The Pound found itself declining against most of its currency peers yesterday in the absence of any fresh UK data.
Sterling slid by around half a cent against the Euro, -0.4 cents against the US Dollar, -1.3 cents against the Australian Dollar and -0.2 cents against the New Zealand Dollar.
The Euro was buffeted by an unexpectedly potent PMI result in August. The Composite Purchasing Managers Index, which measures both Manufacturing and Services across the currency bloc, stormed past analysts’ expectations of 50.9 to reach a 26-month high of 51.7. Although the large upswing in performance was largely driven by a 2-year high German Manufacturing print of 52.0, the prolific score was also influenced by signs of improvement in other areas of the 17-nation bloc. Yesterday’s robust result suggests that Eurozone GDP growth will accelerate from Q2’s 0.3% in the third quarter, thus making further ECB rate cuts fairly unlikely. However, fears still exist, in light of recent comments from ECB Chairman Mario Draghi regarding “weak credit growth”, that a lesser form of monetary easing may be introduced to help boost liquidity in the currency bloc. Naturally a dovish move of this nature would be damaging to the single currency.

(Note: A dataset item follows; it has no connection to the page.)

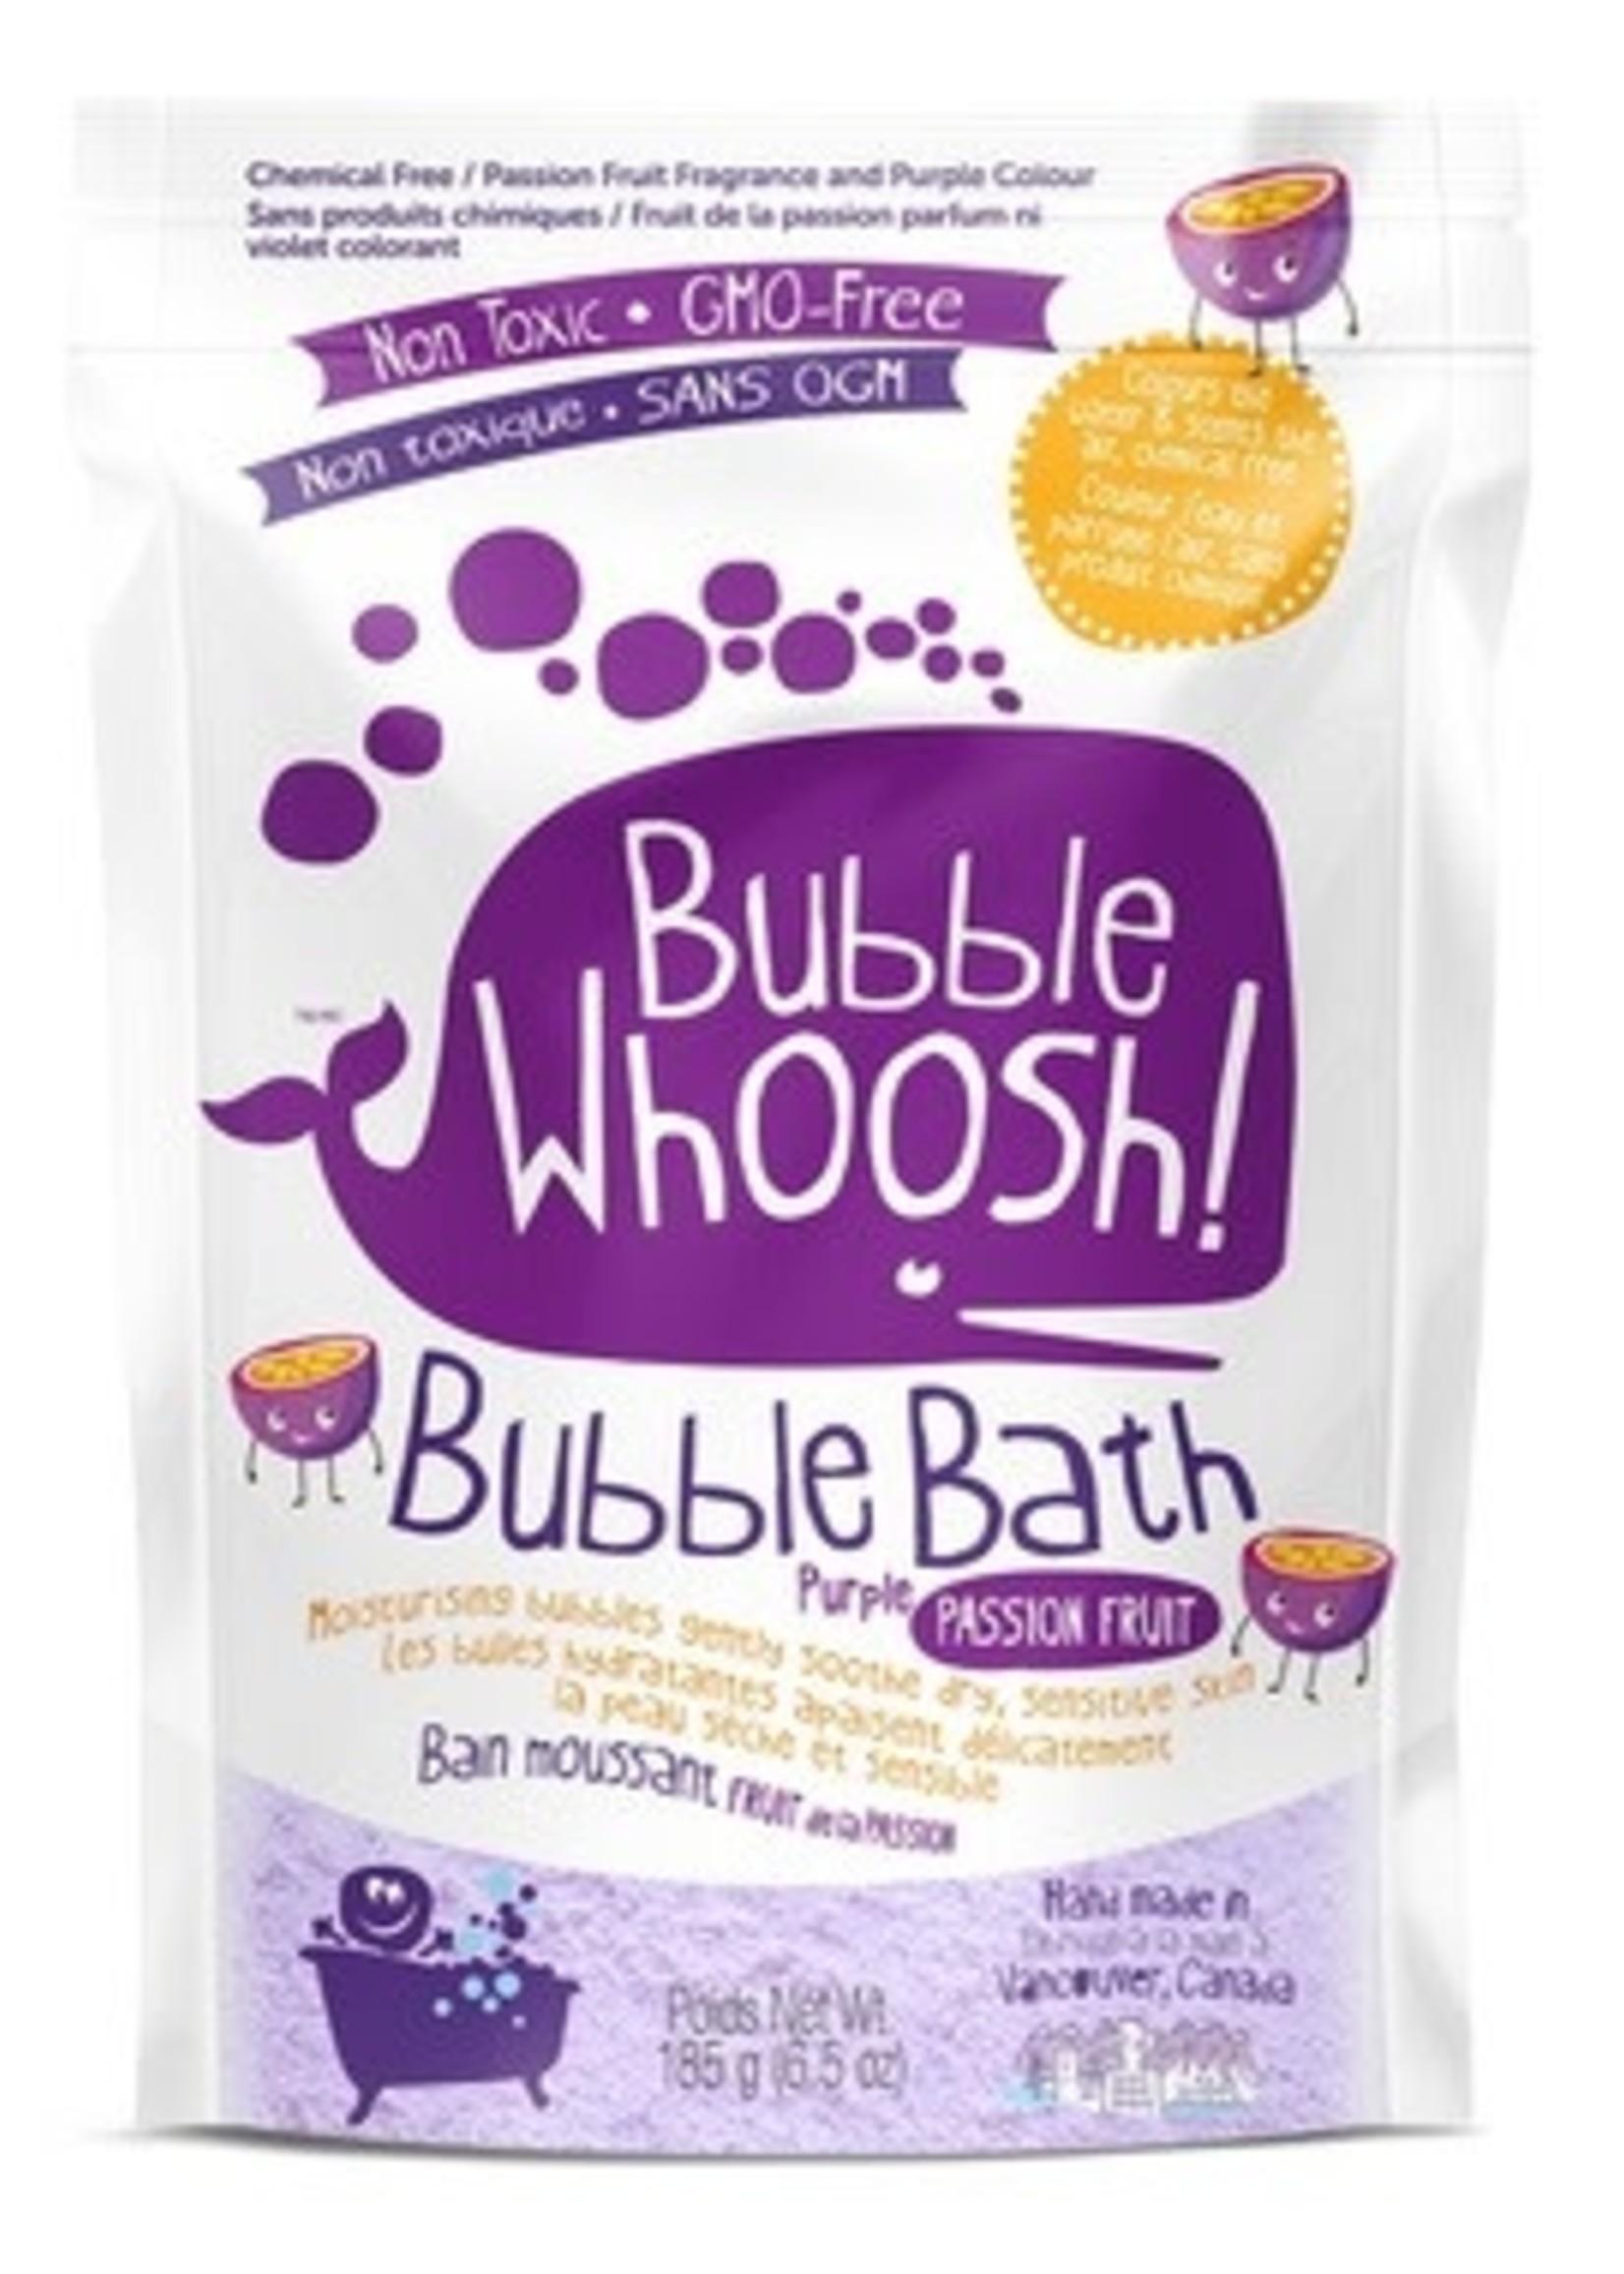 Bubble Whoosh Bubble Whoosh Bubble Bath (Passion Fruit)

The US Dollar continued to garner support in forex markets yesterday as traders reacted to a 5-month high Manufacturing PMI print of 53.9 and a near-6-year high Four-week Average Weekly Claims score of 330,500. Although the average claims figure came in positively, the latest report showed that Initial Jobless Claims increased from 323,000 to 336,000 last week. And although the Markit Manufacturing PMI result hit a multi-monthly high it actually missed the median forecast of 54.2. It was also reported that the US House Price Index bettered expectations of 0.6%, coming in at 0.7%, and that the US Leading Indicators index beat forecasts of 0.5%, printing at 0.6%. Overall the data was considered mildly bullish for the ‘Greenback’ as investors continued to speculate that QE3 would be slowed in September.
Both the Australian Dollar and the New Zealand Dollar were boosted by news that China posted a stronger-than-expected Manufacturing PMI score this month. Smashing expectations of 48.2 the impressive print of 50.1 refuelled global risk appetite and also raised hopes that the world’s second largest economy will continue to pump money into the Antipodean islands in return for mining exports and dairy products. The ‘Aussie’ benefitted against the Pound to a greater extent than the ‘Kiwi’ because GBP/AUD ran into tough resistance when it posted a 3-year high of 1.7483.

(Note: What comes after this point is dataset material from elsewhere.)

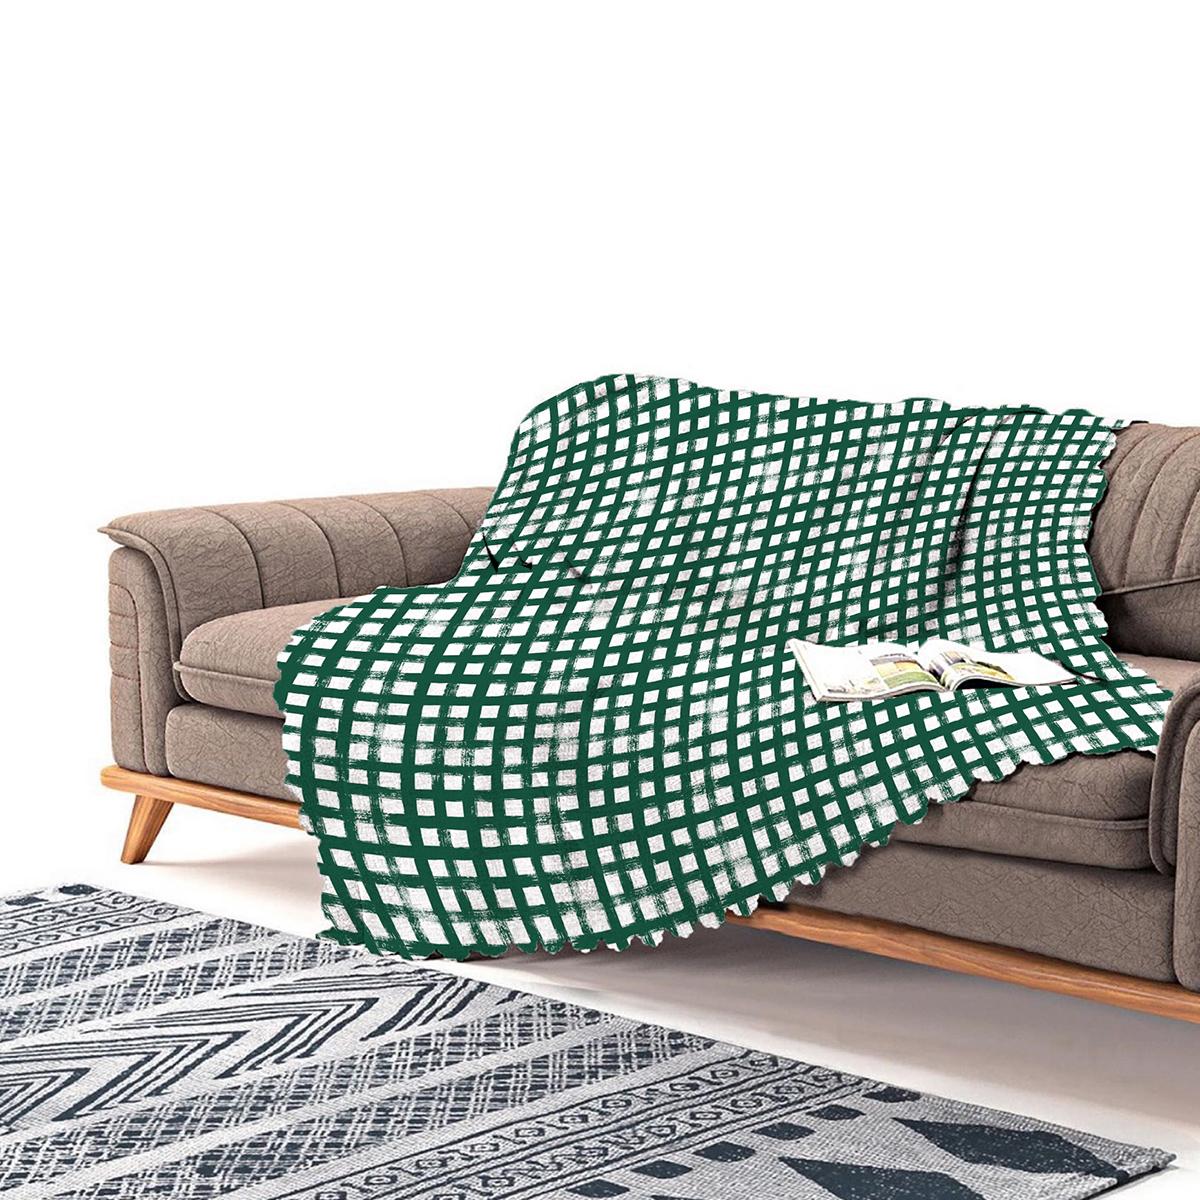 Realhomes Koyu Yeşil Geometrik Kare Motifli Modern Şönil Koltuk Örtüsü Realhomes

It was not a whitewash for the Pound though, Sterling managed to post a mild rally of 0.2 cents against the Canadian Dollar as Canadian Retail Sales stumped to a -0.6% decline in March. The weaker-than-anticipated score poured more cold water on hopes that the Bank of Canada could hike interest rates anytime soon.

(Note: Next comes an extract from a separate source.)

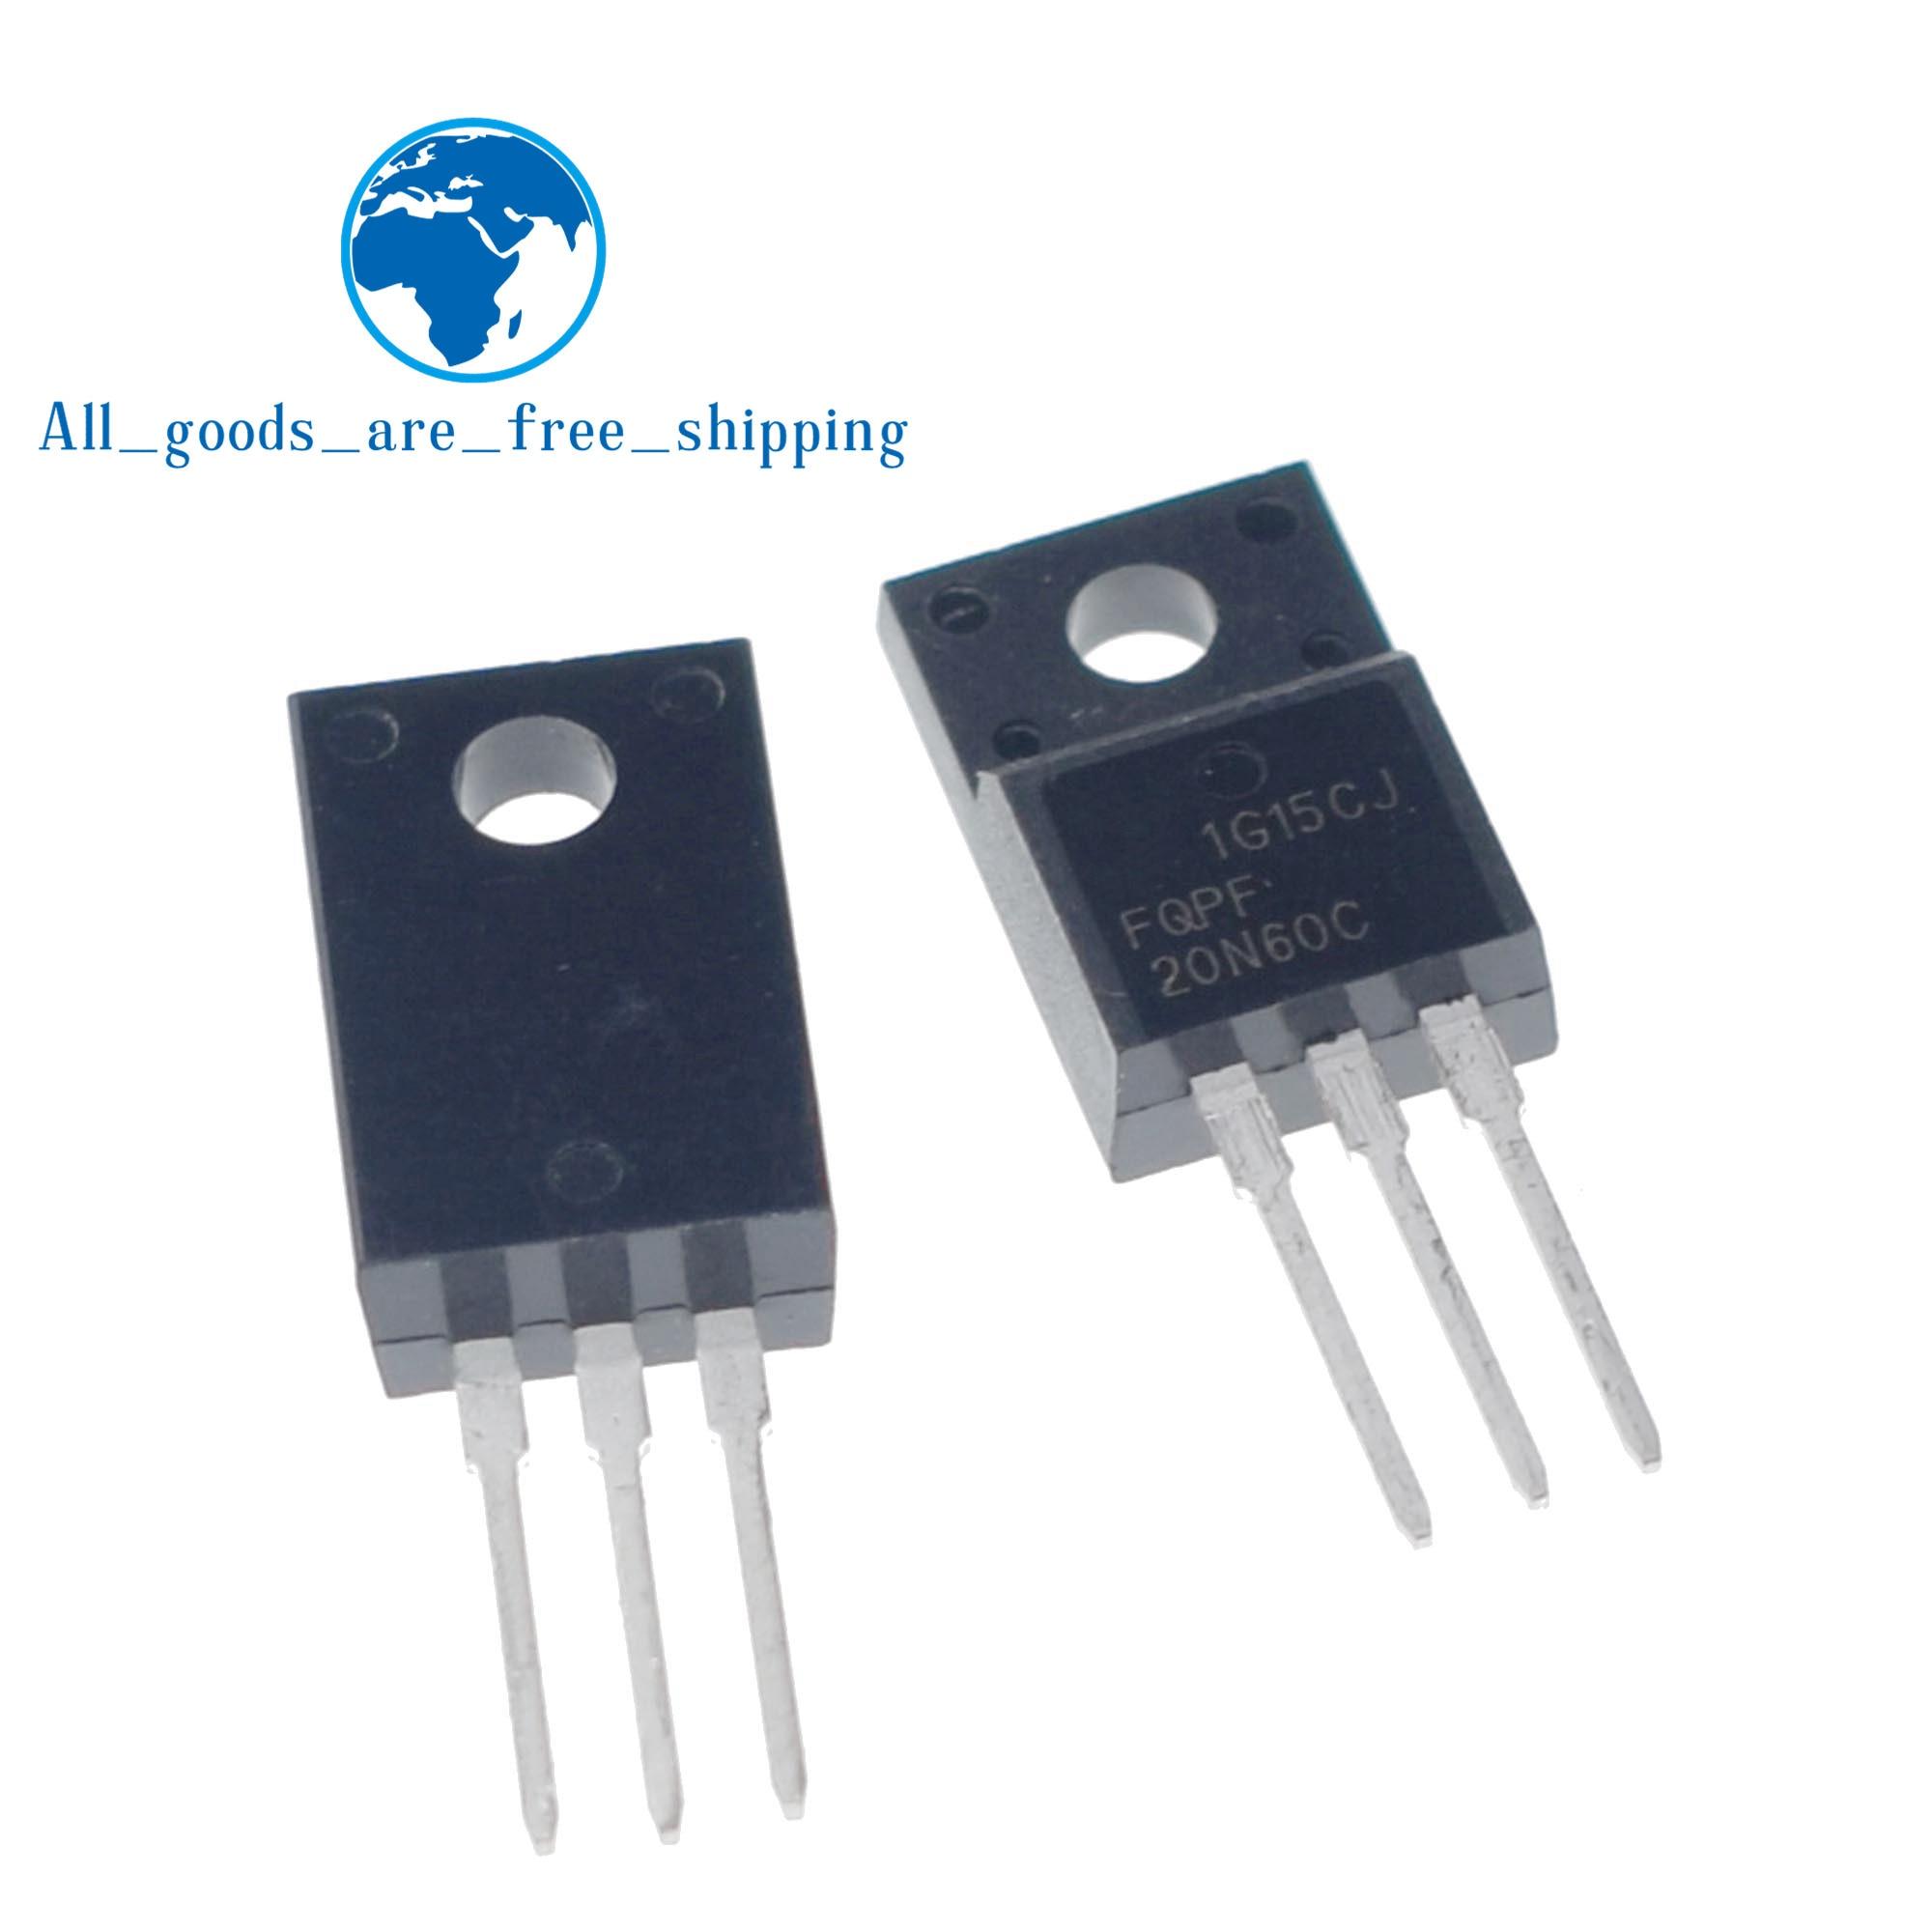 10PCS 20N60 FQPF20N60C FQPF20N60 600V 20A LCD power FET 100% new original quality assurance

Later on this morning UK GDP is expected to be confirmed at 0.6% for the second quarter. Any deviation from the original score has the potential to affect Sterling; an upward revision could boost the Pound, whereas a lower score could send GBP downwards. There is little significant data out of the United States today, but with technical trend identifiers signifying that that the Pound is overbought against the US Dollar, it is possible that GBP/USD could continue to slide.